Why RAG Evaluation Matters
The Silent Killer of RAG Projects
The Problem:
Most teams build a RAG pipeline, test it with 5-10 questions, say "looks good enough", and ship it. Three weeks later, users complain about wrong answers, hallucinations, and missing information. Without proper evaluation, you are flying blind.
RAG evaluation tells you: Is the retrieval finding the right documents? Is the LLM being faithful to the retrieved context? Is the final answer actually relevant to the user question?
Real-World Analogy - Restaurant Quality:
Imagine evaluating a restaurant:
- Retrieval = Kitchen finding ingredients: Did the kitchen pull the right ingredients from the pantry? (Precision, Recall)
- Context Relevancy = Ingredient quality: Are the fetched ingredients actually needed for this dish? (No extra random stuff)
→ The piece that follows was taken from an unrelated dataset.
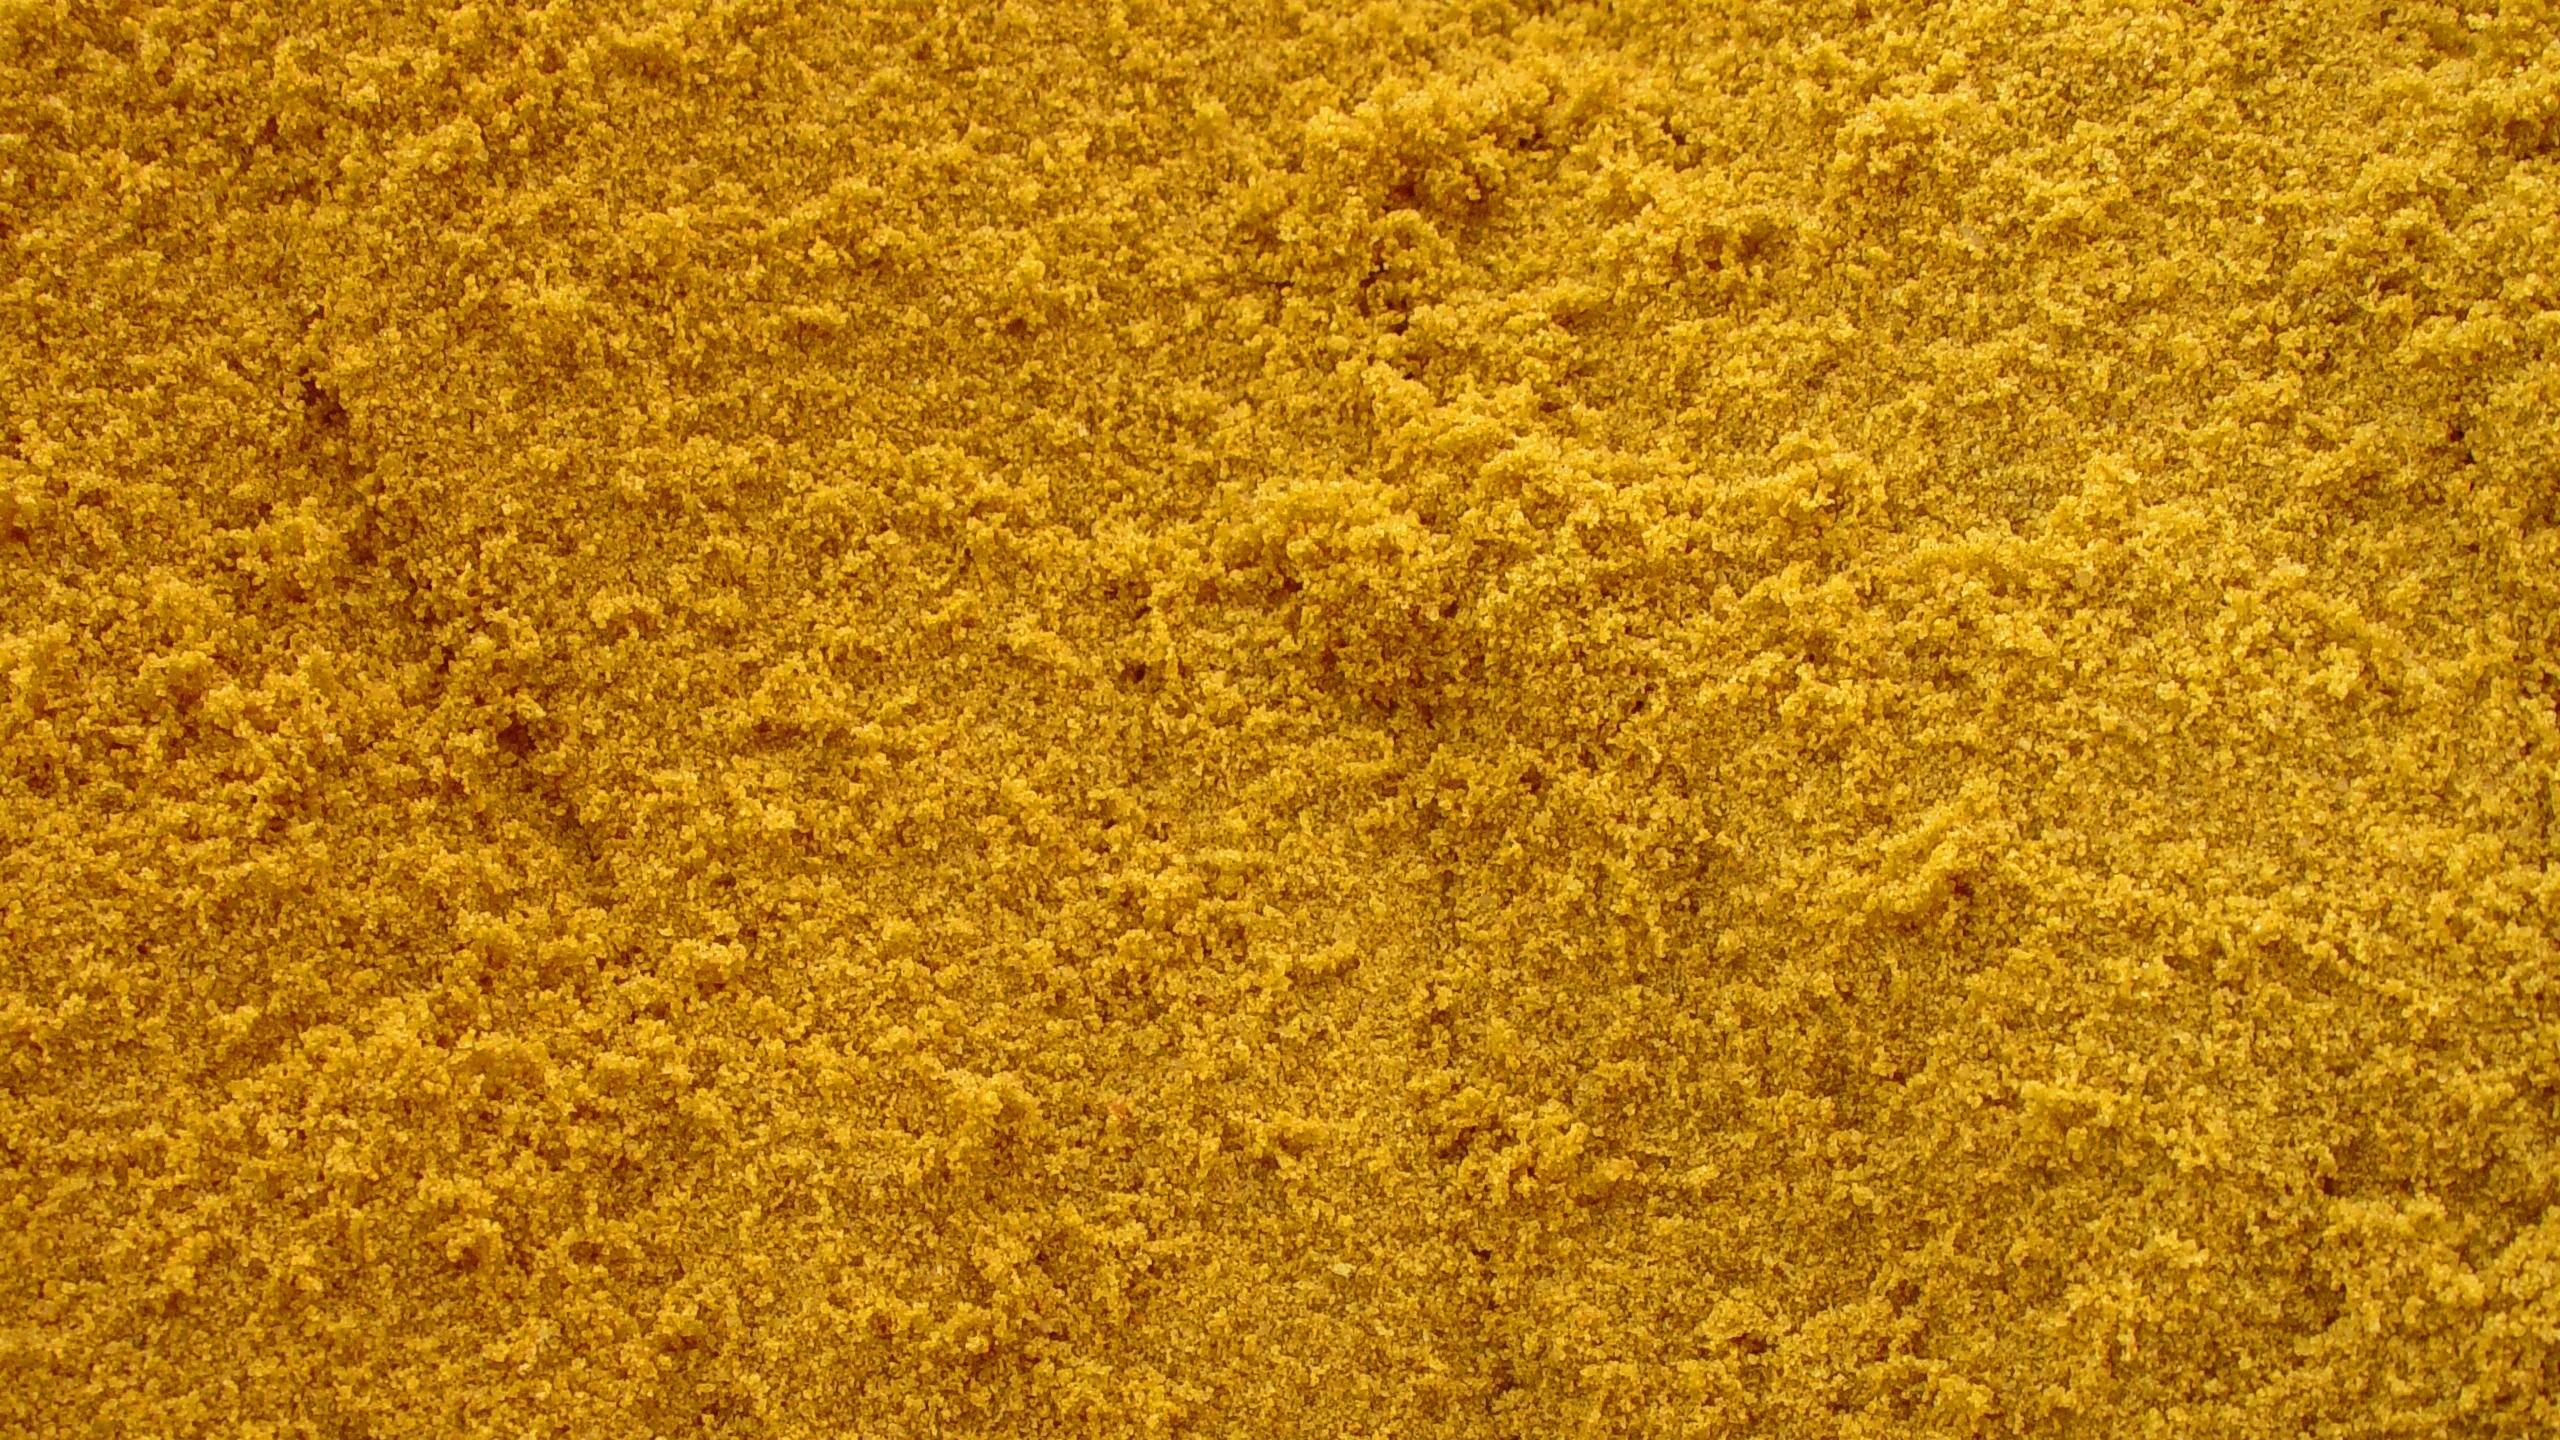 goldan tapete,gelb,würze,curry pulver,muster,mehrjährige pflanze

- Faithfulness = Chef following recipe: Did the chef use ONLY the ingredients available, or did they add imaginary spices? (Hallucination check)
- Answer Relevancy = Final dish matching order: Does the served dish actually answer what the customer ordered? (Not a perfect biryani when they asked for dosa)
The Two Dimensions of RAG Evaluation:
| Dimension | What It Measures | Key Metrics |
|---|---|---|
| Retrieval Quality | Are we finding the right documents? | Precision, Recall, MRR, NDCG |
| Generation Quality | Is the LLM answer correct and faithful? | Faithfulness, Relevancy, Correctness |
Note: Most RAG failures are retrieval failures in disguise. Always evaluate retrieval quality separately before blaming the LLM.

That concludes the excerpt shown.